本論文研製一台最大輸出功率3.3 kW的全橋CLLC諧振式轉換器，一次側開關具有零電壓切換的特性可減少切換損失，應用於雙向傳輸之直流充電樁，電網端電壓400 V、電池端電壓180 V ~ 430 V，電網端對電池端充電時，最大輸出電流為7.67 A ~ 11 A，電池端對電網端饋電時，最大輸出電流為4.95 A ~ 8.25 A。本文一開始介紹全橋CLLC諧振電路的原理、時序分析，並推導轉移函式，利用諧振電路的轉移函式來針對變壓器匝數比n、品質因數Q、電感比值K等電路參數分析對於寬範圍增益的影響。在控制方式方面，由於寬範圍輸出電壓的規格，本論文採用調頻控制、二次側開關延遲導通控制，並針對二次側開關延遲導通控制進行介紹、時序分析，以及二次側開關延遲導通控制的轉移函數近似解，該近似解能使電路在設計階段時對二次側開關延遲導通控制的增益更容易進行對照。本論文也介紹加入預導通時間的控制方式，能使全橋CLLC諧振轉換器在寬範圍調壓的同時，仍保持一次側開關零電壓切換的特性，並可在不用預導通時間時進行同步整流控制。本論文透過元件參數設計並模擬電路可行性，實作出一台最高效率為98.1 %的實體電路。

This thesis mainly develops a full-bridge CLLC converter with the maximum output power of 3.3 kW. The primary side switches has zero-voltage switching characteristics, which can reduce the switching loss.

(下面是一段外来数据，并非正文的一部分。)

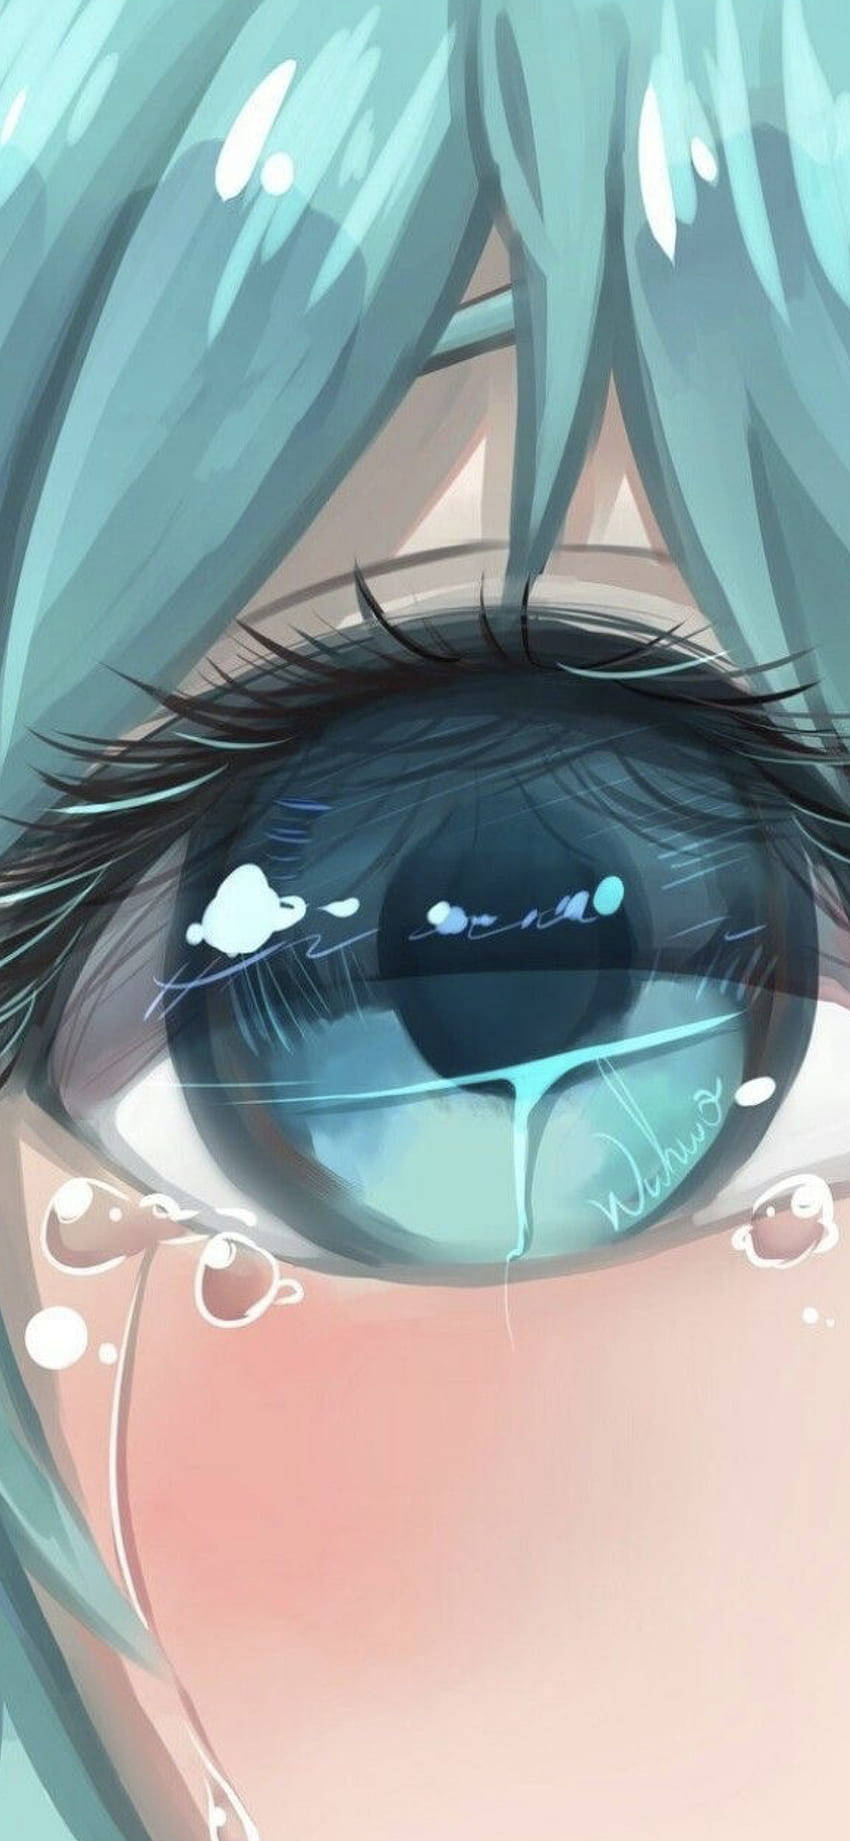 How to draw sad anime eyes easy  YouTube

This converter can be applied to the Bi-directional on-board battery charger (OBC) with the grid voltage of 400 V, and the battery voltage range is from 180 V~430 V. When the battery is in charging mode, the current output to the battery is 7.67 A~11 A. When the battery is in discharging mode, the current output to the grid is 4.95 A~8.25 A. This article first describe the operating of the full-bridge CLLC converter, calculate the transfer function, and use the transfer function of the CLLC resonant circuit to analyze the influence of the circuit parameters such as the turn ratio n, the quality factor Q and the inductance ratio K on the wide-range output. In terms of control methods, due to the wide range of the battery voltage specifications, this thesis uses two control methods, including frequency control and secondary side switches delay-time control. The analysis of the delay-time control CLLC converter operating and approximating transfer function solution are described in detail in this thesis. The approximating transfer function solution can help gain curve estimated when the circuit is been designing. To make primary side switches achieve zero-voltage switching in all control condition, an additional lead-time control method is presented in this thesis. When the lead time is not required, it can also do synchronous rectification. This thesis actually makes a circuit that meets the specifications with the highest efficiency of 98.1 %.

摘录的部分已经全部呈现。